Initial git repository build. I'm not bothering with the full history, even though we have it. We can create a separate "historical" git archive of that later if we want to, and in the meantime it's about 3.2GB when imported into git - space that would just make the early git days unnecessarily complicated, when we don't have a lot of good infrastructure for it. Let it rip!
author: Linus Torvalds <torvalds@ppc970.osdl.org> 2005-04-16 18:20:36 -0400
committer: Linus Torvalds <torvalds@ppc970.osdl.org> 2005-04-16 18:20:36 -0400
commit: 1da177e4c3f41524e886b7f1b8a0c1fc7321cac2 (patch)

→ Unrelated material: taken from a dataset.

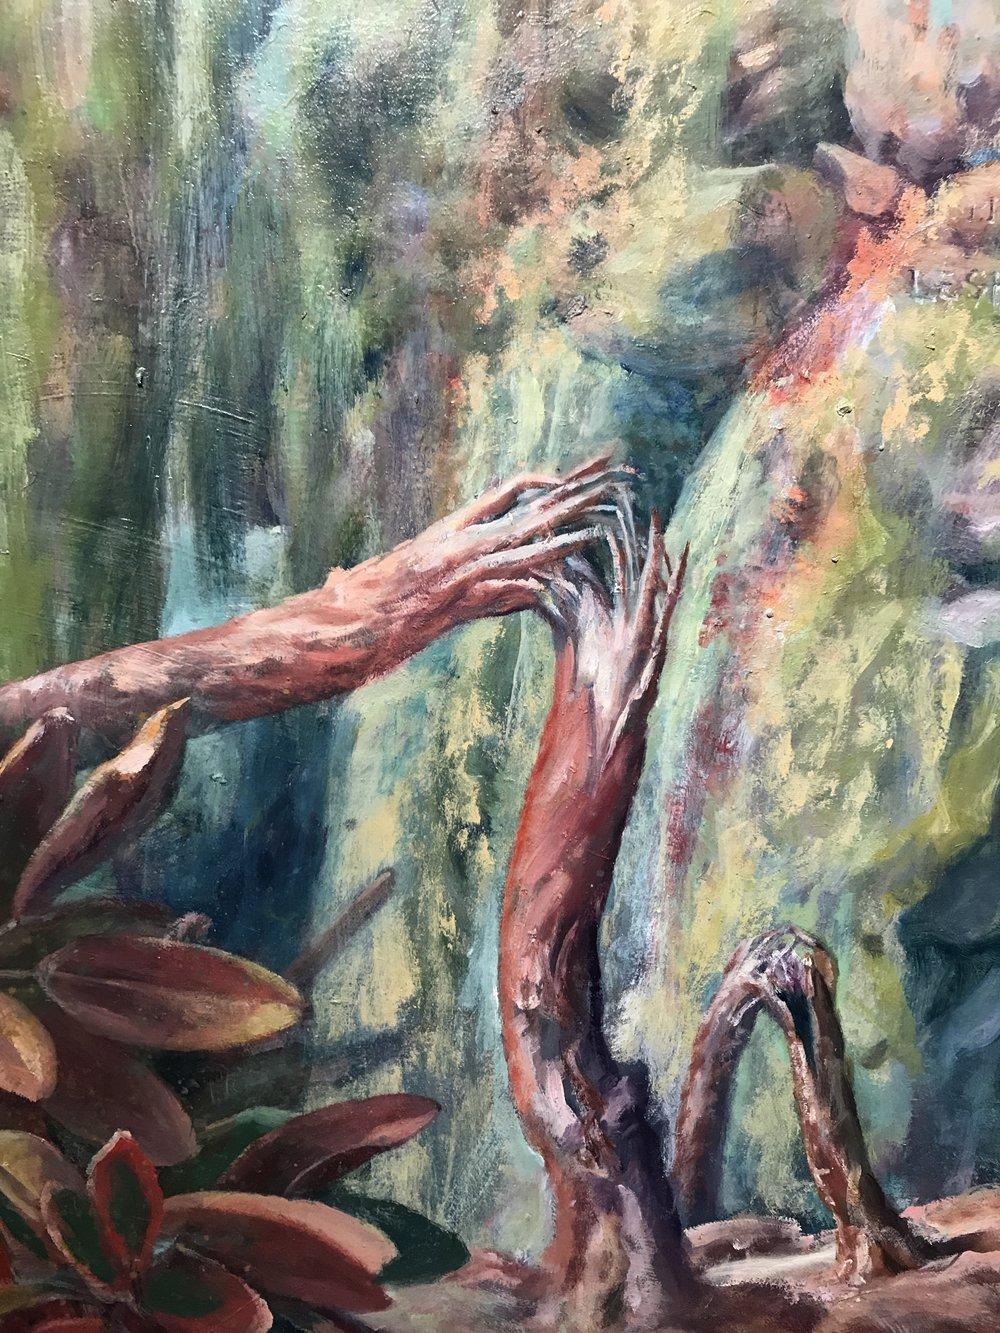 Julie Heffernan, Requiem for Palmyra  (detail),2016,oil on canvas,Courtesy of Catharine Clark Gallery

tree: 0bba044c4ce775e45a88a51686b5d9f90697ea9d /arch/parisc/mm/fault.c
1 files changed, 271 insertions, 0 deletions
diff --git a/arch/parisc/mm/fault.c b/arch/parisc/mm/fault.c
new file mode 100644
index 000000000000..eaa701479f5f
--- /dev/null
+++ b/arch/parisc/mm/fault.c
@@ -0,0 +1,271 @@
+/* $Id: fault.c,v 1.5 2000/01/26 16:20:29 jsm Exp $
+ *
+ * This file is subject to the terms and conditions of the GNU General Public
+ * License.  See the file "COPYING" in the main directory of this archive
+ * for more details.
+ *
+ *
+ * Copyright (C) 1995, 1996, 1997, 1998 by Ralf Baechle
+ * Copyright 1999 SuSE GmbH (Philipp Rumpf, prumpf@tux.org)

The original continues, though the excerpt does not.